> **Given records**:

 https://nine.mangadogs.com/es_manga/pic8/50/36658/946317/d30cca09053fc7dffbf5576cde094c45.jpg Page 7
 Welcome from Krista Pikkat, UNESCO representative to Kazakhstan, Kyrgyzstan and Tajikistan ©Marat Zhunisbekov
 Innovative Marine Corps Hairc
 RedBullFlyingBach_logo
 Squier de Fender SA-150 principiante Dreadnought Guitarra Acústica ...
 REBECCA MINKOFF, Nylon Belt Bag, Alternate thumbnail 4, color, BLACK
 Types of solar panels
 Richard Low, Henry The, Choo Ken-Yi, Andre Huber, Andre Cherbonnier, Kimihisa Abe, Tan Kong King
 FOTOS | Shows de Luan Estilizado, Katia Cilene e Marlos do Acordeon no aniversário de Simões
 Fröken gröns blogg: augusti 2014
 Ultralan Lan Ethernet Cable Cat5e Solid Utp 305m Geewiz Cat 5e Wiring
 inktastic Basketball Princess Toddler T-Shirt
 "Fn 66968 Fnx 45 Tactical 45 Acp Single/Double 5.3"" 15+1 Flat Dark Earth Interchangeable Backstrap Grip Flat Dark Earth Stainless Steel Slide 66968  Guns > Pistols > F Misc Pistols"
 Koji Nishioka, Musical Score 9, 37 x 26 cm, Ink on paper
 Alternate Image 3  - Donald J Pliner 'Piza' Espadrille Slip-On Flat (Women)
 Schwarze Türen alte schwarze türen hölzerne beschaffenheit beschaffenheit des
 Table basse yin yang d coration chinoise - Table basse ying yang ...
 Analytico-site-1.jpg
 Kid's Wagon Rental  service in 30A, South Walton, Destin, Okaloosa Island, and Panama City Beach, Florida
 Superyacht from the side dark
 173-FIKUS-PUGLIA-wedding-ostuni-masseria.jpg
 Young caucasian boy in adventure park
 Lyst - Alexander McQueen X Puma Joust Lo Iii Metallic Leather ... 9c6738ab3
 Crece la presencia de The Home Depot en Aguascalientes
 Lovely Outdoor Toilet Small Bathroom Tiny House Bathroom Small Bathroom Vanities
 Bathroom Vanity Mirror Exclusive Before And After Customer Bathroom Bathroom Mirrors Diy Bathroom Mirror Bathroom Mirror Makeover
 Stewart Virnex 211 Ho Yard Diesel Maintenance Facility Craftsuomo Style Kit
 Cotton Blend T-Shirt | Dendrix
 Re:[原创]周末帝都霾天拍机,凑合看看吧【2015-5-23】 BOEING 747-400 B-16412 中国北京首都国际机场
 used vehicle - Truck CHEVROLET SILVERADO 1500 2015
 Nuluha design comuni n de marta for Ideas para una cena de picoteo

> **Exercise objective**: Every record above needs to be returned in full, exactly.

> **Your response**:
 https://nine.mangadogs.com/es_manga/pic8/50/36658/946317/d30cca09053fc7dffbf5576cde094c45.jpg Page 7
 Welcome from Krista Pikkat, UNESCO representative to Kazakhstan, Kyrgyzstan and Tajikistan ©Marat Zhunisbekov
 Innovative Marine Corps Hairc
 RedBullFlyingBach_logo
 Squier de Fender SA-150 principiante Dreadnought Guitarra Acústica ...
 REBECCA MINKOFF, Nylon Belt Bag, Alternate thumbnail 4, color, BLACK
 Types of solar panels
 Richard Low, Henry The, Choo Ken-Yi, Andre Huber, Andre Cherbonnier, Kimihisa Abe, Tan Kong King
 FOTOS | Shows de Luan Estilizado, Katia Cilene e Marlos do Acordeon no aniversário de Simões
 Fröken gröns blogg: augusti 2014
 Ultralan Lan Ethernet Cable Cat5e Solid Utp 305m Geewiz Cat 5e Wiring
 inktastic Basketball Princess Toddler T-Shirt
 "Fn 66968 Fnx 45 Tactical 45 Acp Single/Double 5.3"" 15+1 Flat Dark Earth Interchangeable Backstrap Grip Flat Dark Earth Stainless Steel Slide 66968  Guns > Pistols > F Misc Pistols"
 Koji Nishioka, Musical Score 9, 37 x 26 cm, Ink on paper
 Alternate Image 3  - Donald J Pliner 'Piza' Espadrille Slip-On Flat (Women)
 Schwarze Türen alte schwarze türen hölzerne beschaffenheit beschaffenheit des
 Table basse yin yang d coration chinoise - Table basse ying yang ...
 Analytico-site-1.jpg
 Kid's Wagon Rental  service in 30A, South Walton, Destin, Okaloosa Island, and Panama City Beach, Florida
 Superyacht from the side dark
 173-FIKUS-PUGLIA-wedding-ostuni-masseria.jpg
 Young caucasian boy in adventure park
 Lyst - Alexander McQueen X Puma Joust Lo Iii Metallic Leather ... 9c6738ab3
 Crece la presencia de The Home Depot en Aguascalientes
 Lovely Outdoor Toilet Small Bathroom Tiny House Bathroom Small Bathroom Vanities
 Bathroom Vanity Mirror Exclusive Before And After Customer Bathroom Bathroom Mirrors Diy Bathroom Mirror Bathroom Mirror Makeover
 Stewart Virnex 211 Ho Yard Diesel Maintenance Facility Craftsuomo Style Kit
 Cotton Blend T-Shirt | Dendrix
 Re:[原创]周末帝都霾天拍机,凑合看看吧【2015-5-23】 BOEING 747-400 B-16412 中国北京首都国际机场
 used vehicle - Truck CHEVROLET SILVERADO 1500 2015
 Nuluha design comuni n de marta for Ideas para una cena de picoteo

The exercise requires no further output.